Let $B=\{e_1,e_2,e_3\}$ the canonical basis of $V$ this implies $T_{BB}=\begin{bmatrix} 3 &2 &-1 \\ 0&4 &0 \\ 1&2 &3 \end{bmatrix}$ then by definition $P_T(\lambda)=det(xI-T)=det(xI-T_{BB})=det\begin{bmatrix} -3+x &-2 &1 \\ 0&-4+x &0 \\ -1&-2 &-3+x \end{bmatrix}=-40+34x-10x^2+x^3=(x-4)(x^2-6x+10)$
in consequence, the characteristic polynomial of $T$ is $(x-4)(x^2-6x+10)$
Then, $x_1=4$ is an eigenvalue. My question, exists other eigenvalue?
If not, then $T$ is diagonalizable, because we have an unique eigenvalue an that eigenvalue go to produce an unique eigenvector and that vector is linearly independent.

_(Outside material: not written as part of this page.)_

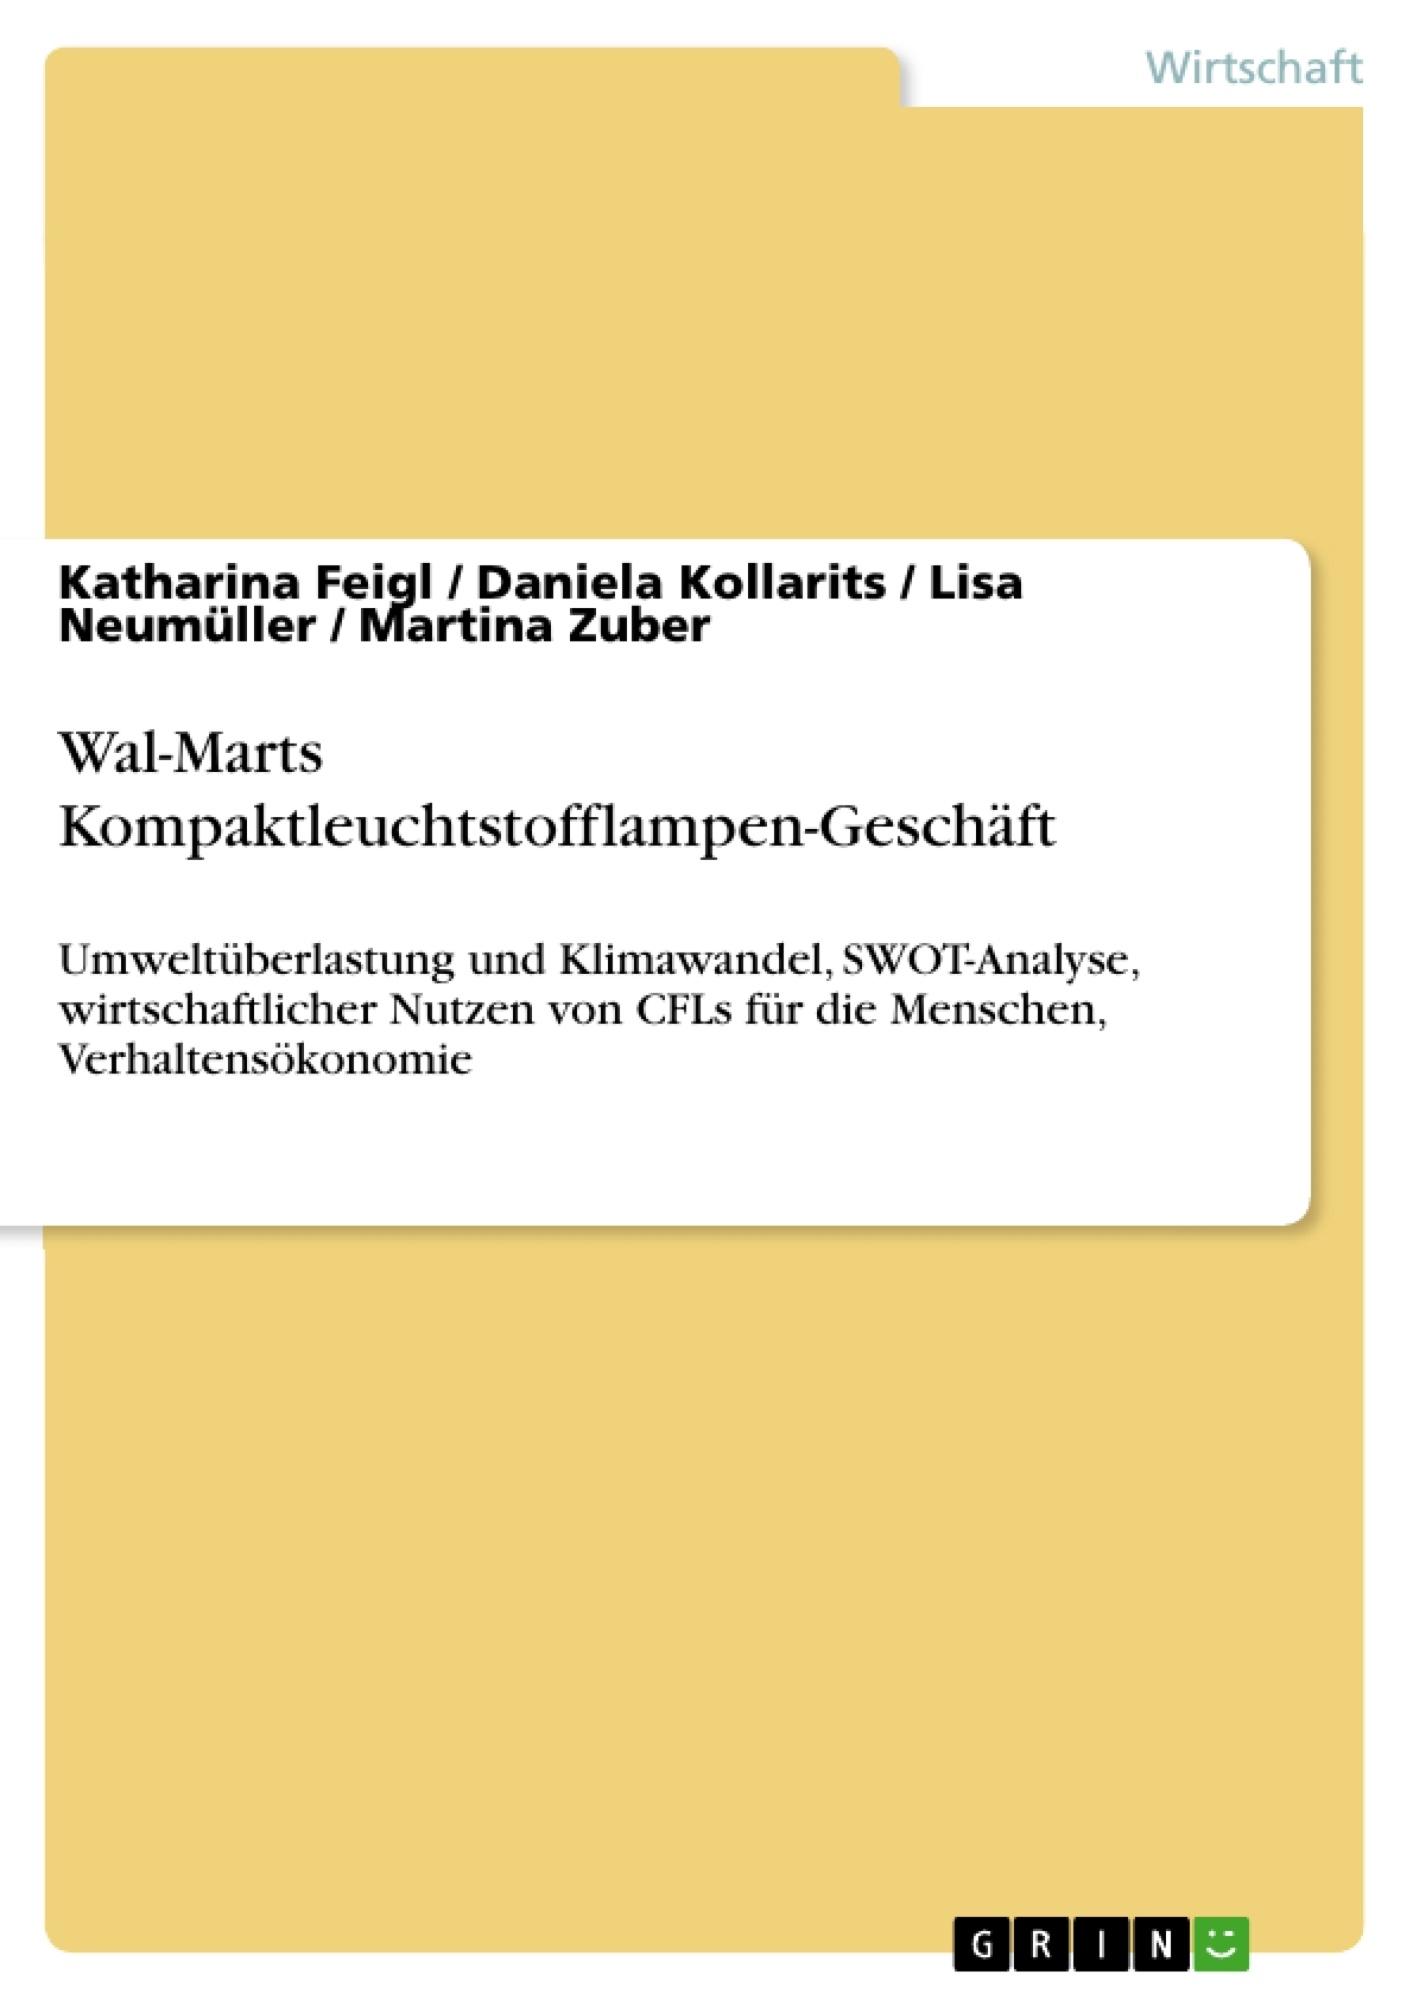 Titel: Wal-Marts Kompaktleuchtstofflampen-Geschäft

Find the basis $B$ can be a little difficult to me, can someone help me?
if a n * n matrix has n different eigenvalues then it is diagonalizable. here you have to solve $$det(xI−T)=0$$ for x . so you have $$ (-4+x)[(-3+x)(-3+x)-1]=0$$ $$ (-4+x)(X^2+9-6x-1)=0$$ $$(-4+x)(x^2-6x+8)=0$$ $$x=4,-2,4$$ now you have to find eigenspace, you have to show that T-4I span 2 dimension subspaces.